Вот о нём Корнелия не запамятовала. И глядя на палец, скучала по тяжести, обрамляющей его. Кольцо отличалось от классических: не имело бриллиантов в оправе и сдержанного стиля. Оно, напротив, показывало изыски и статус семьи причудливой формой. На прочном титане лежали капли сапфиров, по центру находился тёмный череп — знак Пожирателей, с коими часто олицетворяли Блэков.
— Я заложила его в Гринготтс. Не стала разбрасываться такими побрякушками. Если захочу — продам в будущем какой-нибудь поклоннице Теона и куплю себе весь Косой Переулок, переделаю его в аллею изменщиков и настрою столько борделей, что всем мужчинам на всю жизнь хватит.
— Да ты самой себе врёшь! — Хай Лин небрежно махнула рукой. — Я бы ещё поверила, если бы не видела твоих глаз. Так и скажи, что Теон — сучий кусок дерьма, он разбил тебе сердце, планы на жизнь и выбрал девчонку на ночь вместо вашего будущего. Это будет правдоподобнее звучать.
— Чтобы сказать так сейчас, мне нужно было его любить той любовью, от которой всё внутри горит, — Корнелия пожала плечами. — Хай Лин, я правда не разбита. Я больше потеряла друга, чем мужа, любовника и кем он ещё мог там быть.
— Тогда и разрывать помолвку нет никакого смысла. Если это только брак по расчету, к чему тебе его верность?
— Верность не мне, а нашим планам, — сурово поправила её Корнелия. — Хорошо, признаю, ты права в одном! По мне сильно ударил его выбор. Не понимаю, как я могла оказаться хуже дешевой заразной девчонки на рваных, грязных, потных простынях?
— Тебе просто попался благородный мужчина. Как он заботится и помогает выжить бедным и нищим девушкам! Зря ты его бросила.
— Нужно было поддержать его благотворительность, — Корнелия спохватилась, взялась за сердце, словно оно внезапно кольнуло, — что же я наделала?
— Убила одного Питера Пэна. Освободило место возле себя. Я бы не расстраивалась так сильно. Может я не права, но у Теона есть отец, старшие братья и дяди. Стань женой любого и обязательно позови этого дуралея в качестве свидетеля. И отомстишь, и станешь миссис Блэк, как хотела, — заговорщически подмигнула Хай Лин.
— В гробу я видала этих Блэков, — она неприязненно сморщилась и резко, под шум чужих шагов, перевела тему: — Ты напишешь мне эссе по травологии? Я уже не выношу его.

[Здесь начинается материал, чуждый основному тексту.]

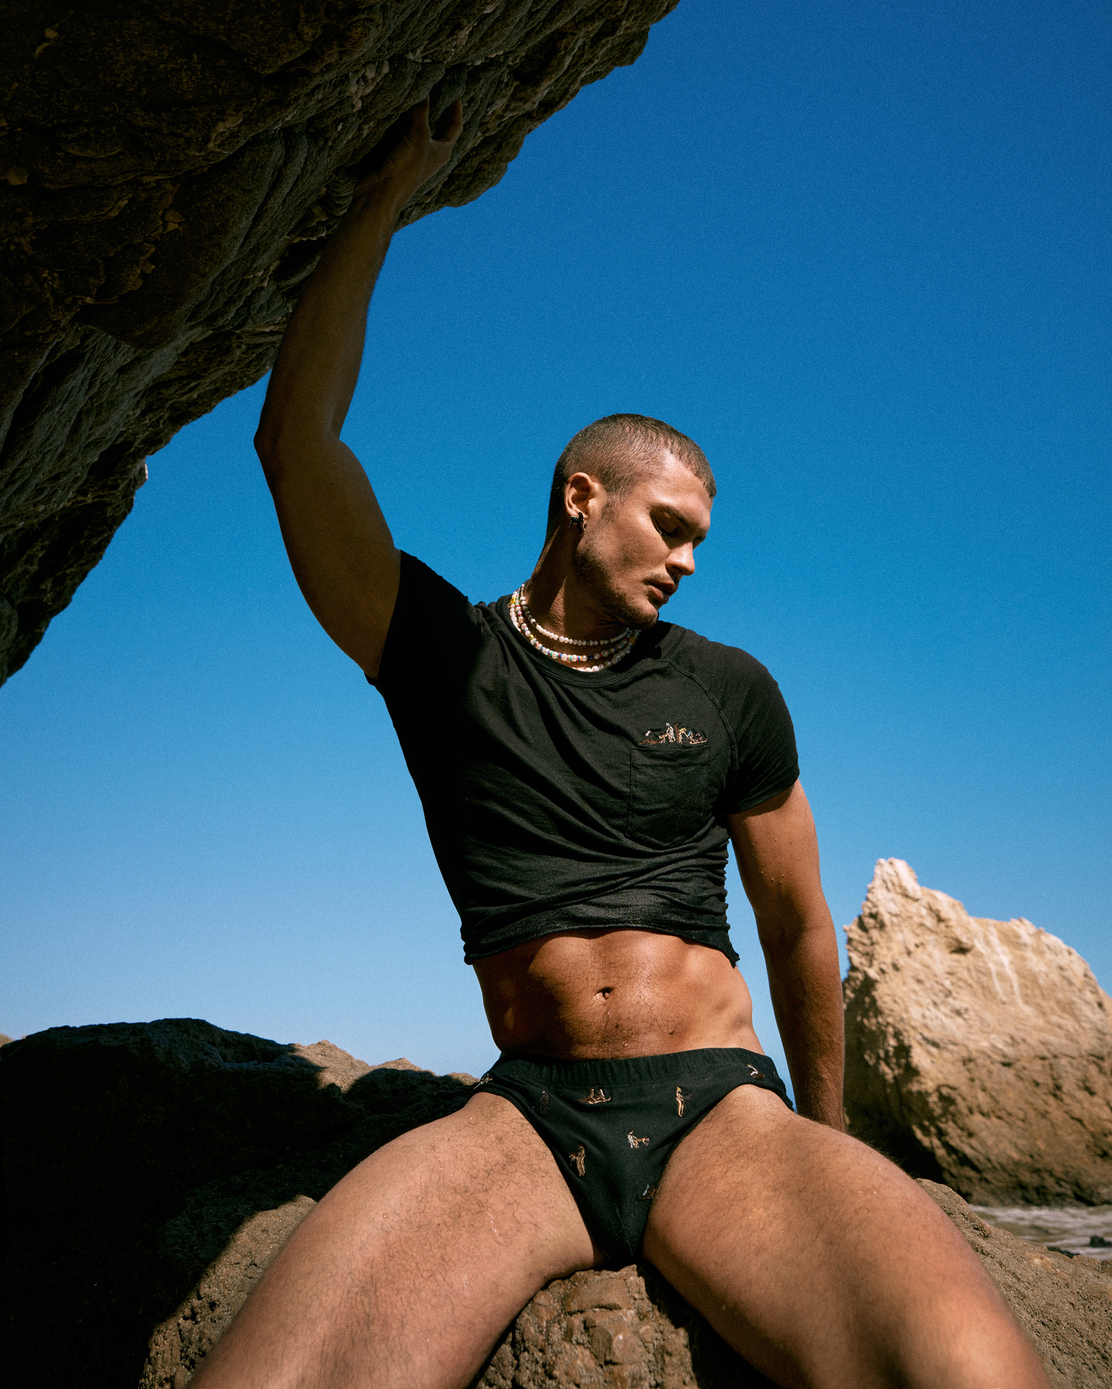  “Rock The Boat” Embroidered Raglan Tee & “Human Nature” Embroidered Swim Brief, BAJA EAST x C.BONZ  / necklaces, Brandon’s own
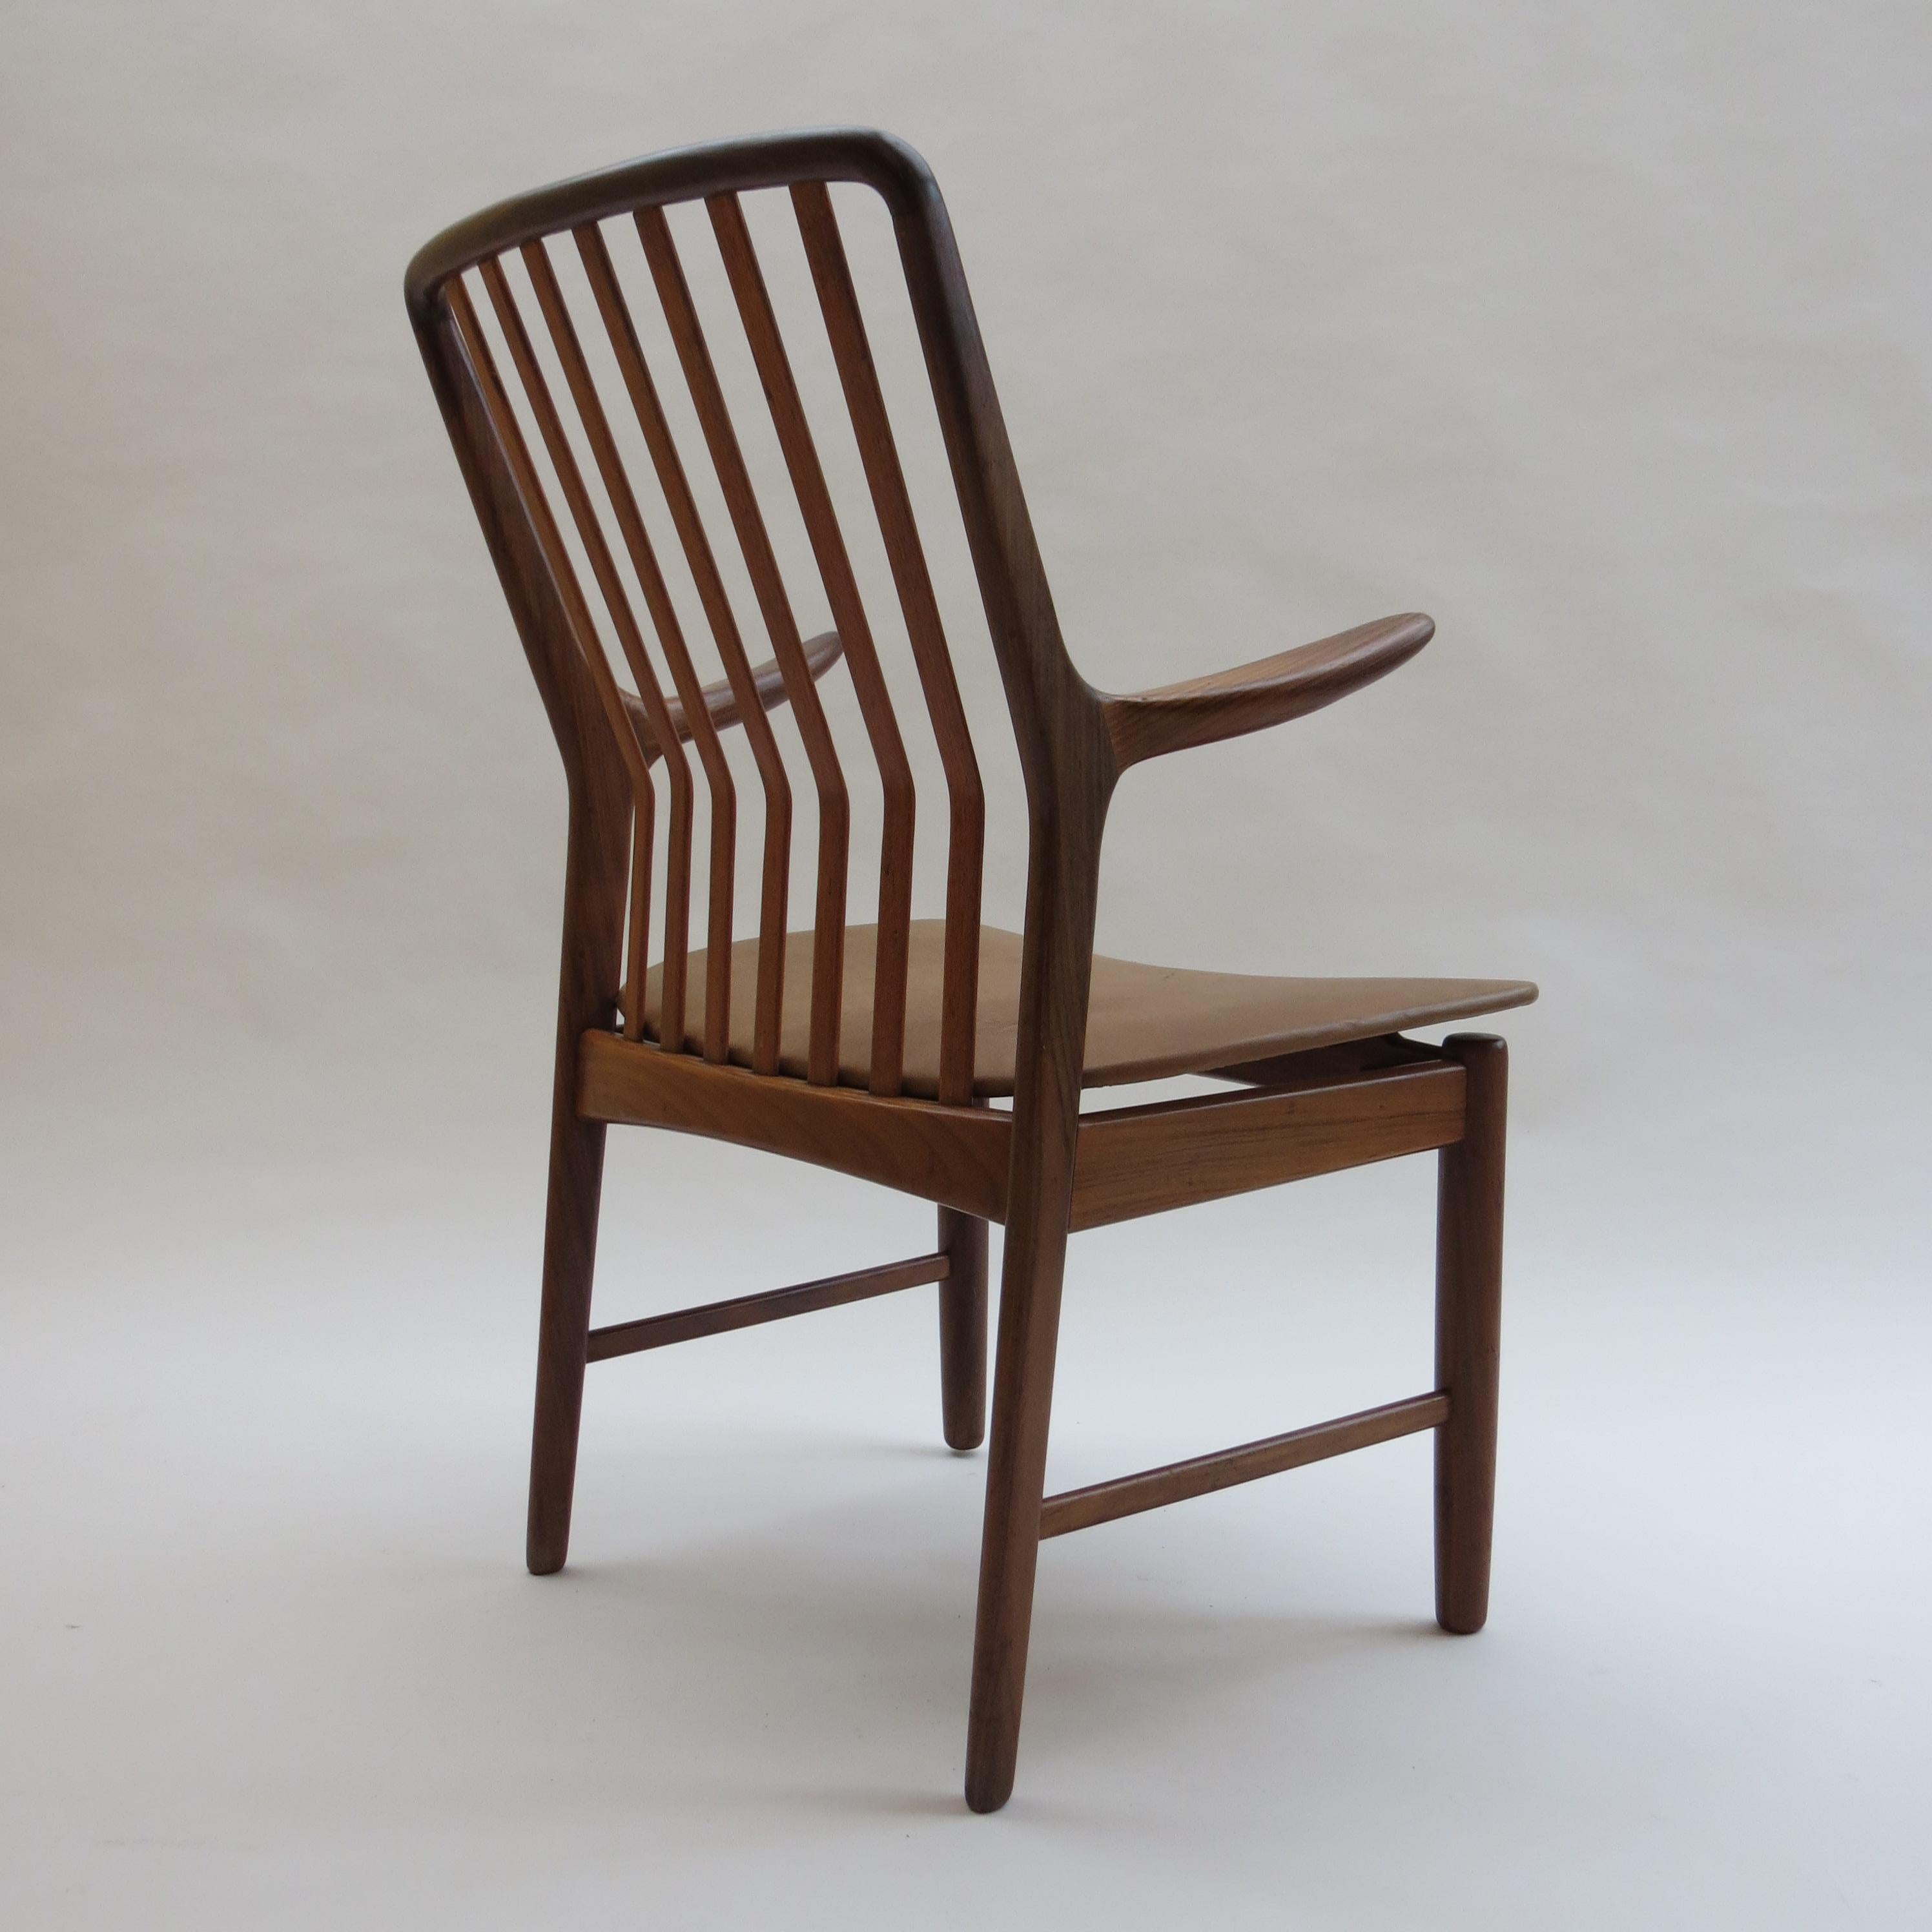 Mid-Century Modern Midcentury Danish Chair by Svend Madsen 1960s with Brown Leather Seat

— Десять кнатов на стол, — Хай Лин энергично хлопнула по столу, — и я напишу всё твоим почерком.
— Стыд и срам! Совсем себя не ценишь. Я бы заплатила целый галлеон.
— Как дорого ты оцениваешь мои пальчики.
— Не хочу слышать слухи о своей мелочности.
— Брось, я о тебе говорю только самое лучшее.
— Я плачу за молчание.
— Тогда ещё сверху двадцать кнатов и ни один человек в мире не узнает, что кто-то касался твоих ценных пергаментов.
— Один галлеон за эссе, двадцать кнатов — за молчание. Договорились?
— По рукам! Встретимся завтра за этим же столом.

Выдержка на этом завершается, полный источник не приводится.